INFORMATION SHOWN —
........

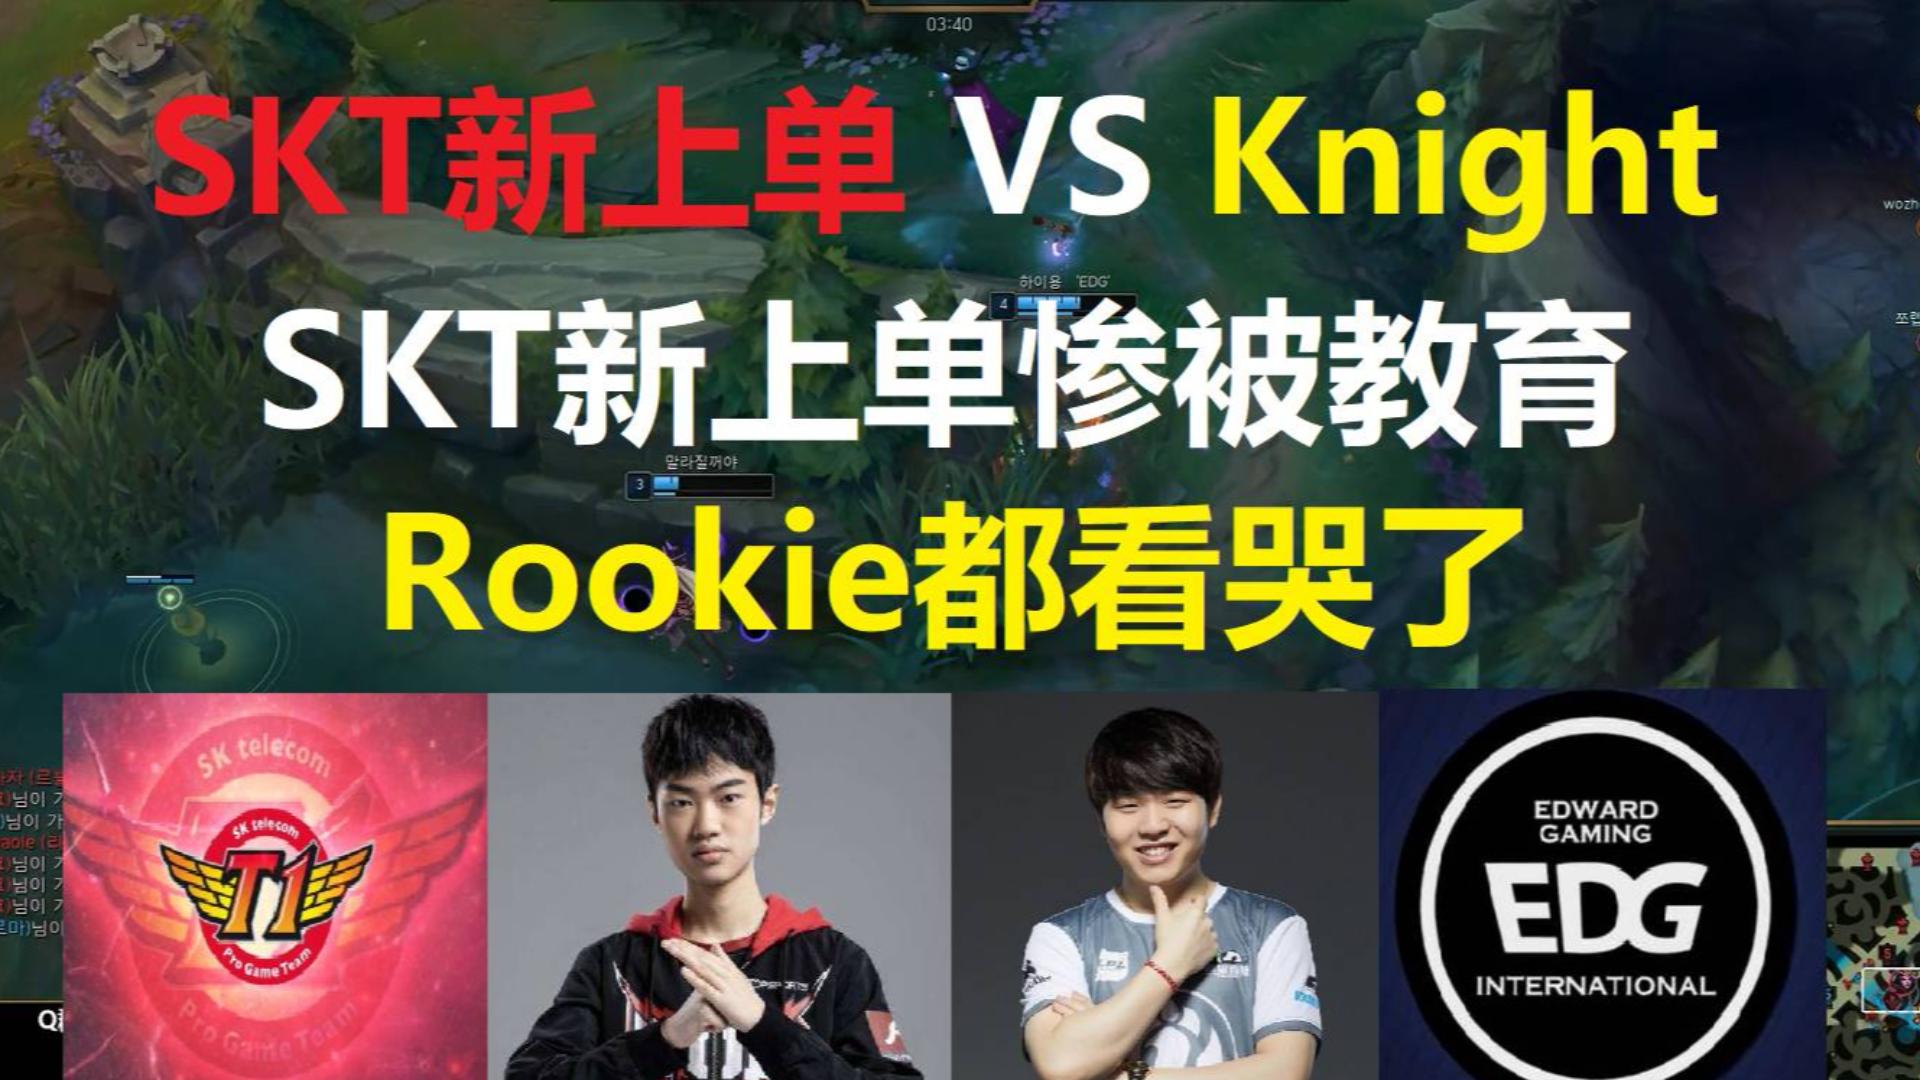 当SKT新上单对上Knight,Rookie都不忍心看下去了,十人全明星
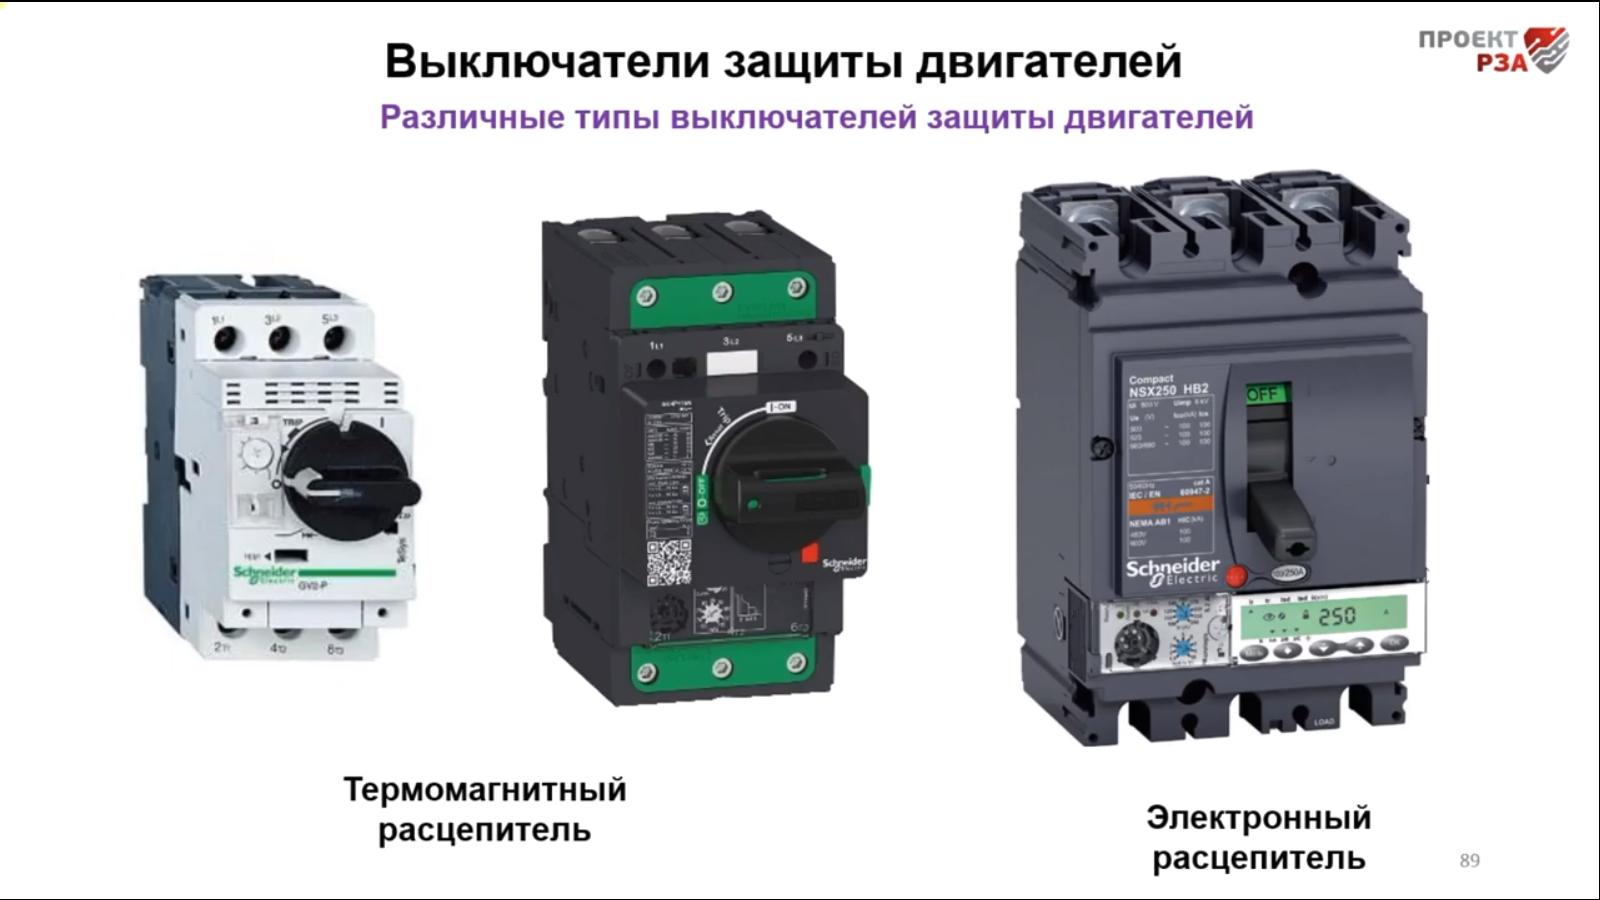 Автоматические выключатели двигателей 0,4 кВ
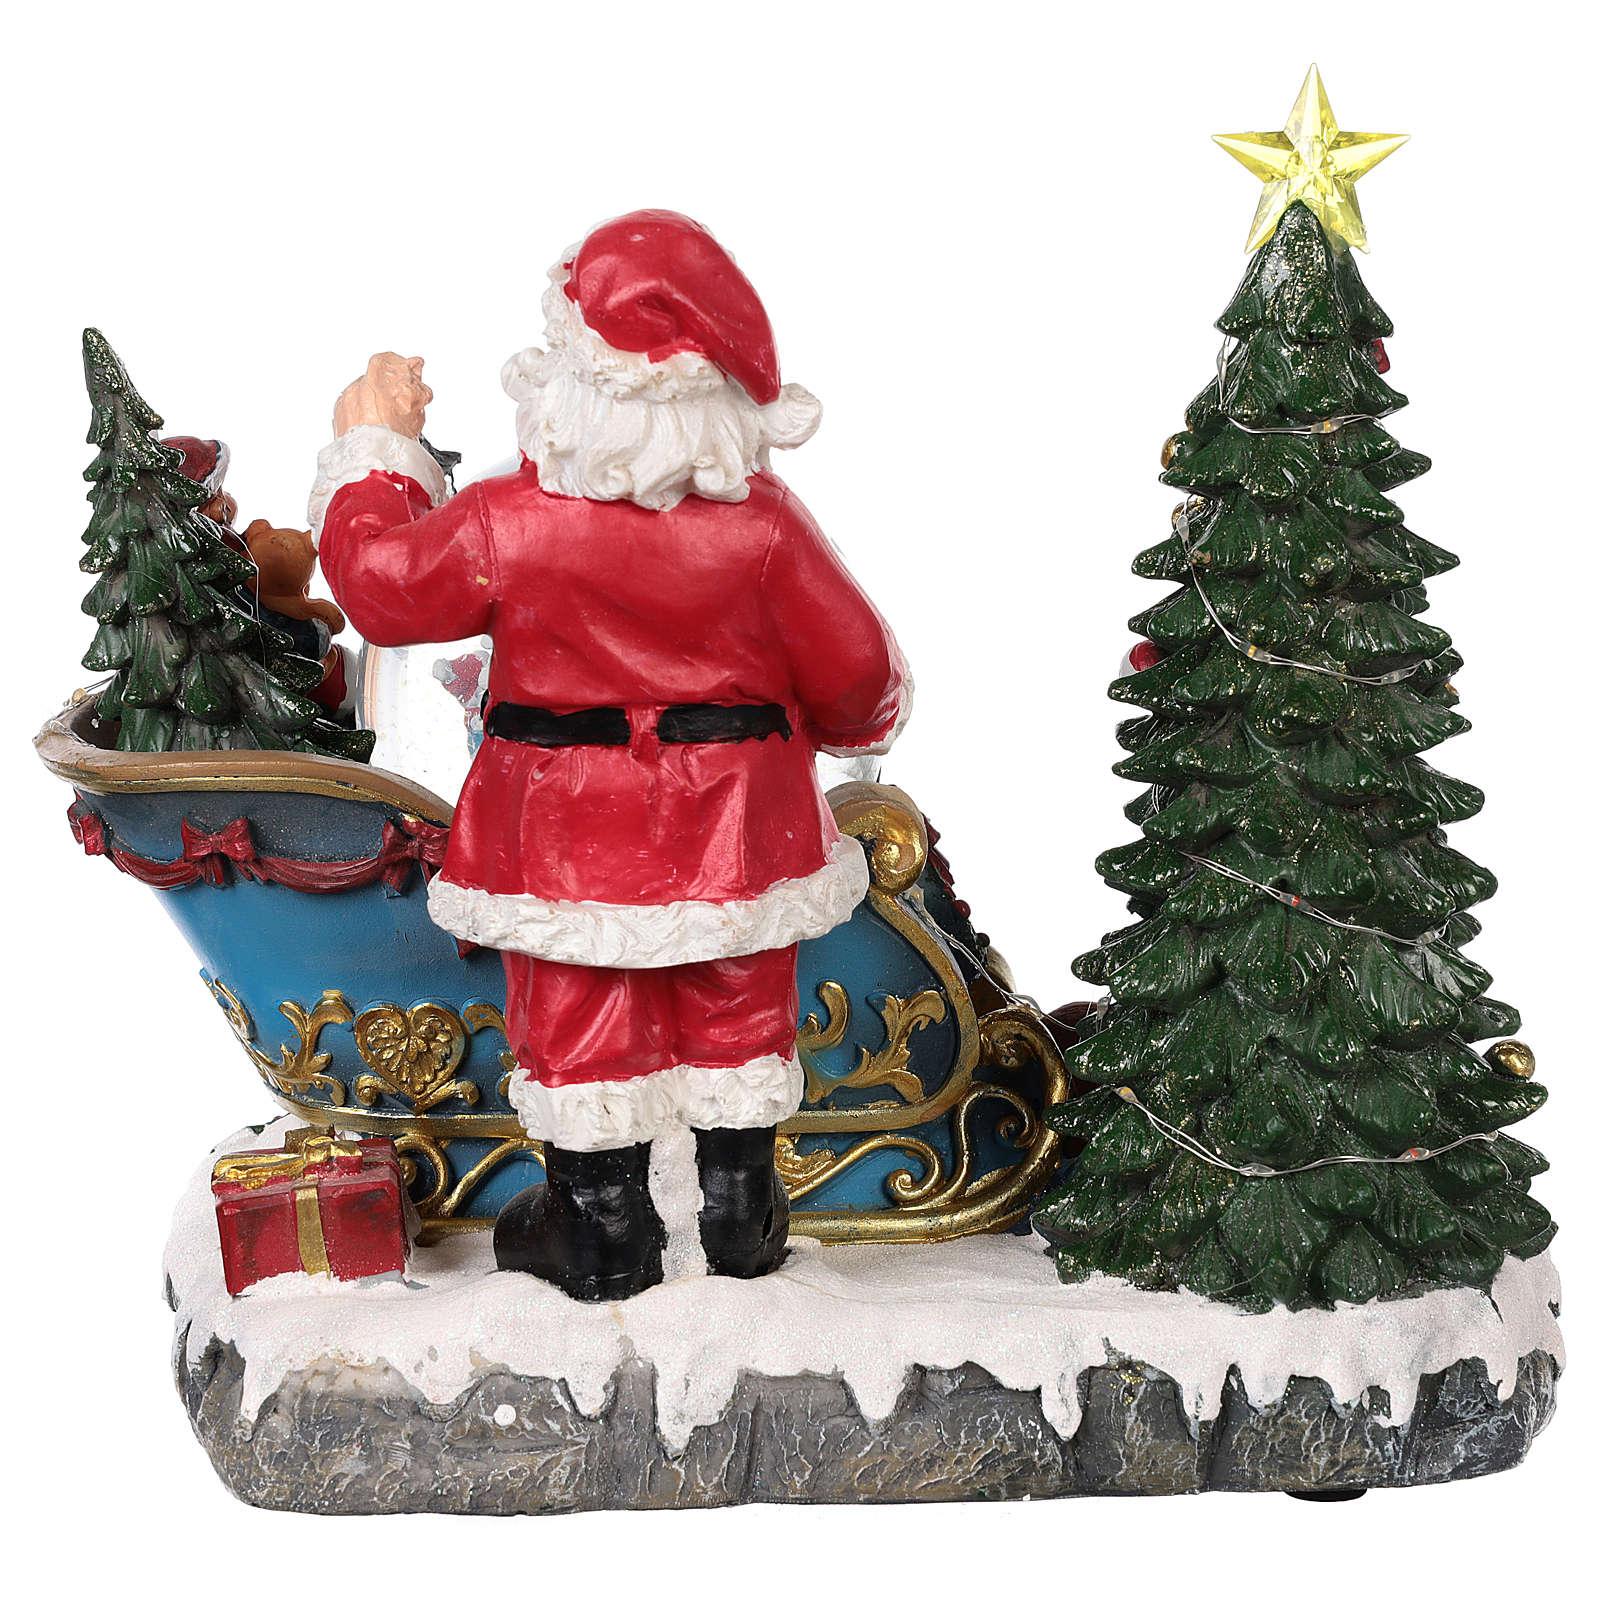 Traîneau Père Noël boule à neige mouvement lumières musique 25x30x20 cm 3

........

THE PROBLEM —
Your answer must be the full listing, word for word, minus any images.

ANSWER FOR THE TASK —
 当SKT新上单对上Knight,Rookie都不忍心看下去了,十人全明星
 Автоматические выключатели двигателей 0,4 кВ
 Traîneau Père Noël boule à neige mouvement lumières musique 25x30x20 cm 3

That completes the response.